About the job
About the Team You'll Join
-
The ML Platform Team Leader will oversee the pivotal ML Platform team responsible for the enterprise's AI/ML development and operational environment. This team comprises the 'ML Ops Part', which builds and operates a stable MLOps environment based on Kubernetes, and the 'LLM Part', which leads the development of cutting-edge LLM applications along with the necessary LLM Ops environment.
- Upon joining, you will oversee both Parts, establishing and executing a technical strategy that provides a scalable and efficient platform, allowing data scientists and ML engineers to focus solely on model development and experimentation.
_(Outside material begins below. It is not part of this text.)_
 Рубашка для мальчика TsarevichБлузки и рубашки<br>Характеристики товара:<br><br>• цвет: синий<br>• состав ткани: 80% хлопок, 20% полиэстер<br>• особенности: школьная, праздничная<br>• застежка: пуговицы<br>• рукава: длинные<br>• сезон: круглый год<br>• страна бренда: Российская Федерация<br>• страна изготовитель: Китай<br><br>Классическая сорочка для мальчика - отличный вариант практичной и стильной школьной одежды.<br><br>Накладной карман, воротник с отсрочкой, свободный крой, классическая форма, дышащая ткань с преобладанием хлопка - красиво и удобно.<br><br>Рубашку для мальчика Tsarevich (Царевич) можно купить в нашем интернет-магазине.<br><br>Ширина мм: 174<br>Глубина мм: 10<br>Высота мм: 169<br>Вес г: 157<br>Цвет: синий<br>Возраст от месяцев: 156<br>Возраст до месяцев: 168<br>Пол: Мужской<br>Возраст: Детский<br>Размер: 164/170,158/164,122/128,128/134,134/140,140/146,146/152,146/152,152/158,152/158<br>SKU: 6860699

You will play a crucial role in presenting the vision for the ML Platform, fostering team growth, and solidifying the foundation of the company's AI technology capabilities.
Your Responsibilities
- Establish and lead the technical vision and long-term roadmap for the ML Platform team (ML Ops Part, LLM Part).
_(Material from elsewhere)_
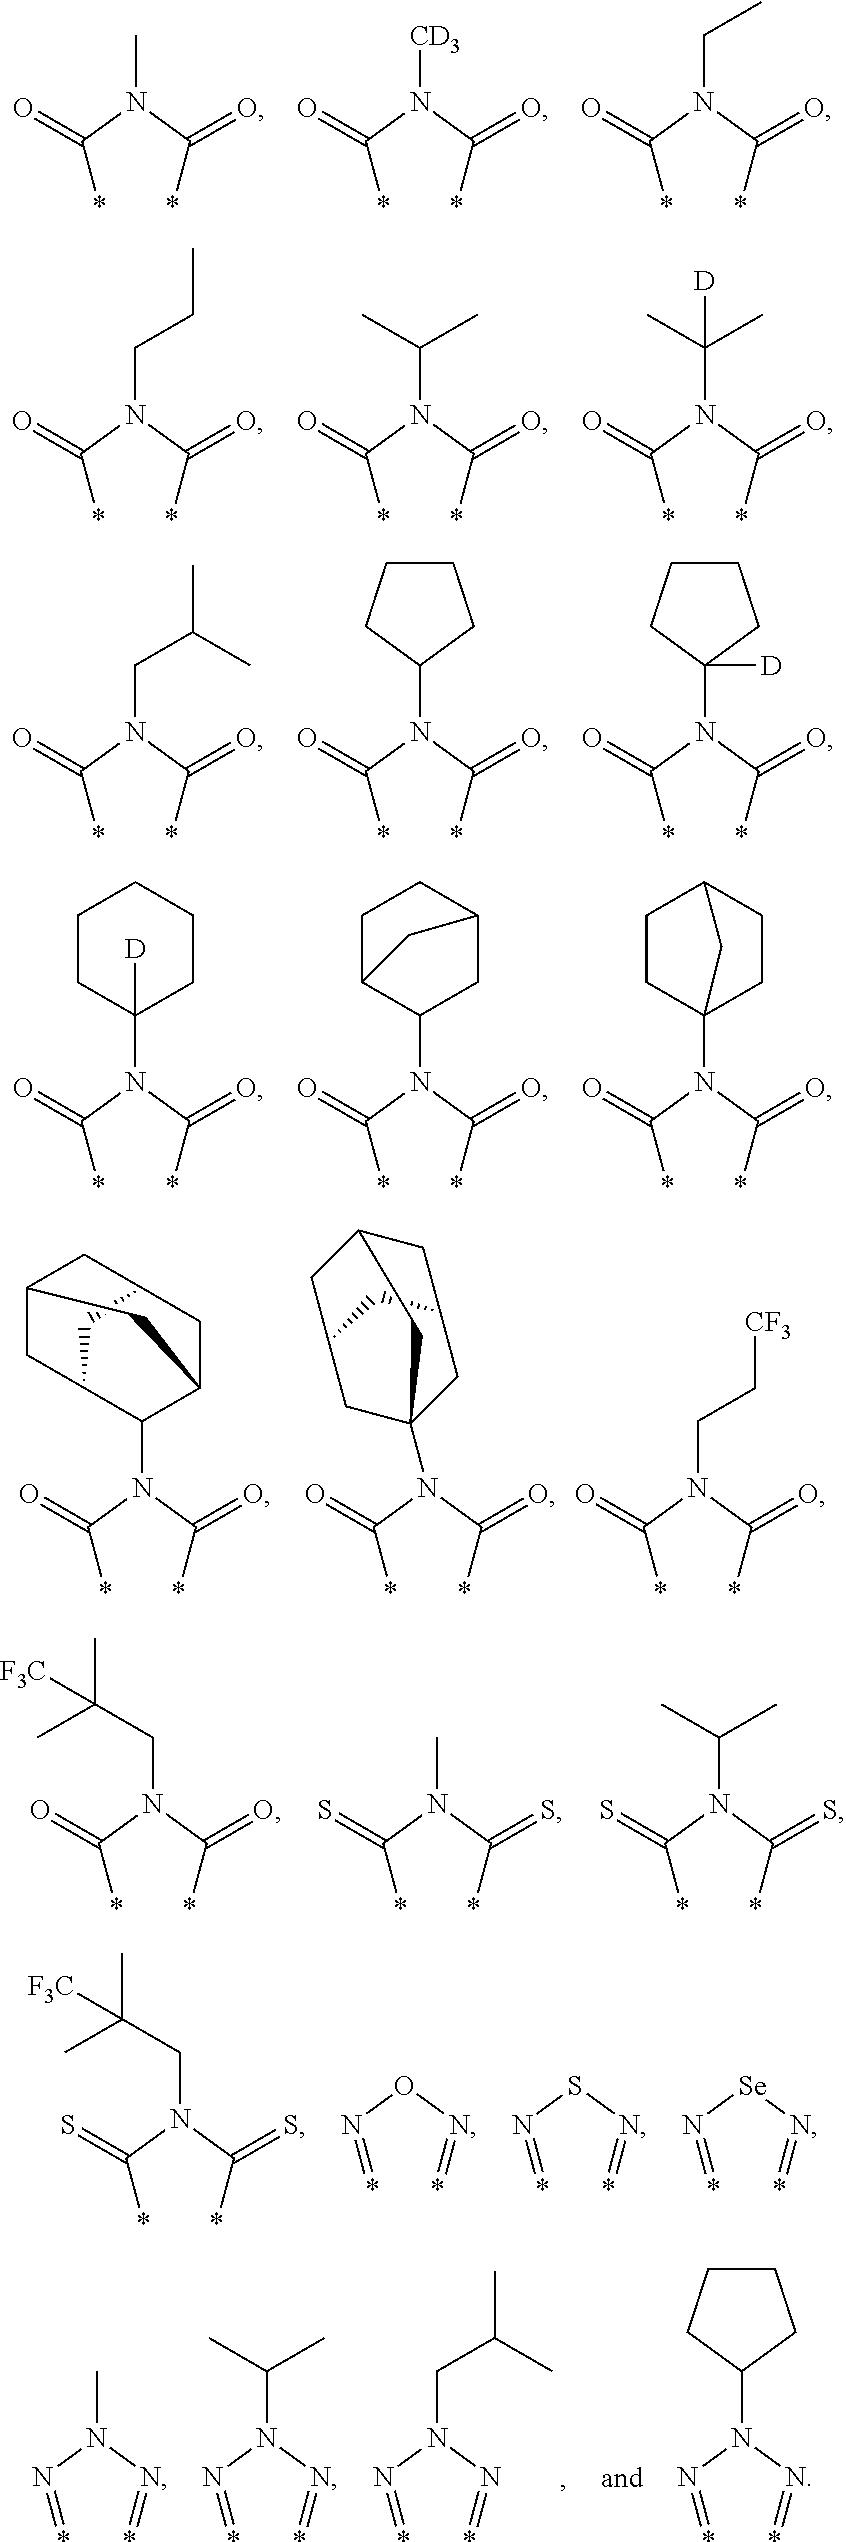 Figure US09929360-20180327-C00008

- Mentor team members, conduct code reviews, and manage performance to drive team growth.
- Design and oversee the operation of a scalable and reliable ML Platform (model training, deployment, serving, monitoring) based on Kubernetes.
- Lead the technical development of various LLM applications and establish the LLM Ops environment for fine-tuning, serving, and evaluating large-scale models.
- Collaborate closely with cross-functional teams, including data scientists, ML engineers, and product teams, to resolve bottlenecks in AI/ML development and maximize developer experience (DX).
- Continuously research the latest MLOps and LLM technology trends, design the architecture of the enterprise AI tech stack, and provide technical direction.
- Define and continuously improve metrics for platform stability, cost efficiency, and performance optimization.
Ideal Candidate
- We are looking for someone with proven experience in leading engineering teams (ML, Infrastructure, Platform, etc.), successfully presenting technical visions, establishing roadmaps, and nurturing team members.
- A deep practical experience in building and operating MLOps platforms (e.g., Kubeflow, MLflow, CI/CD, model serving) in a Kubernetes environment is essential.
- A strong understanding and practical experience in developing LLM applications (RAG, fine-tuning, agents, etc.) or LLM Ops (large-scale model serving, Vector DB, evaluation pipelines) is required.
- Experience in designing and optimizing system architecture capable of handling large-scale traffic and data is preferred.
- You should be able to define complex technical problems, communicate clearly with various stakeholders, and solve issues strategically.
- A passion for designing and advancing the platform while considering business impact and developer experience (DX) beyond mere technical adoption is essential.
Resume Recommendations
- Detail your contributions to leading ML platform or system projects (technical leadership, architecture design, team management, strategic planning).
- Clearly outline the flow of addressing technical/organizational challenges for each project, including your proposed solutions (architecture, adopted technologies), collaboration processes with team members/stakeholders, and final results (platform performance improvements, acceleration in development speed, cost reductions).
- Instead of simply listing tasks, include insights and learnings gained as a technical leader, along with the criteria for making technical trade-offs.
- Emphasize quantifiable achievements that you have led.
- If you have experience successfully building/operating large-scale systems through collaboration with multiple engineering teams to resolve complex technical problems, please share that.
Journey to Joining Toss Bank
- Application submission > Job interview > Cultural fit interview > Leadership interview > Reference check > Compensation negotiation > Final acceptance
Please Note
- Any false information found in the resume or submitted documents may lead to disqualification.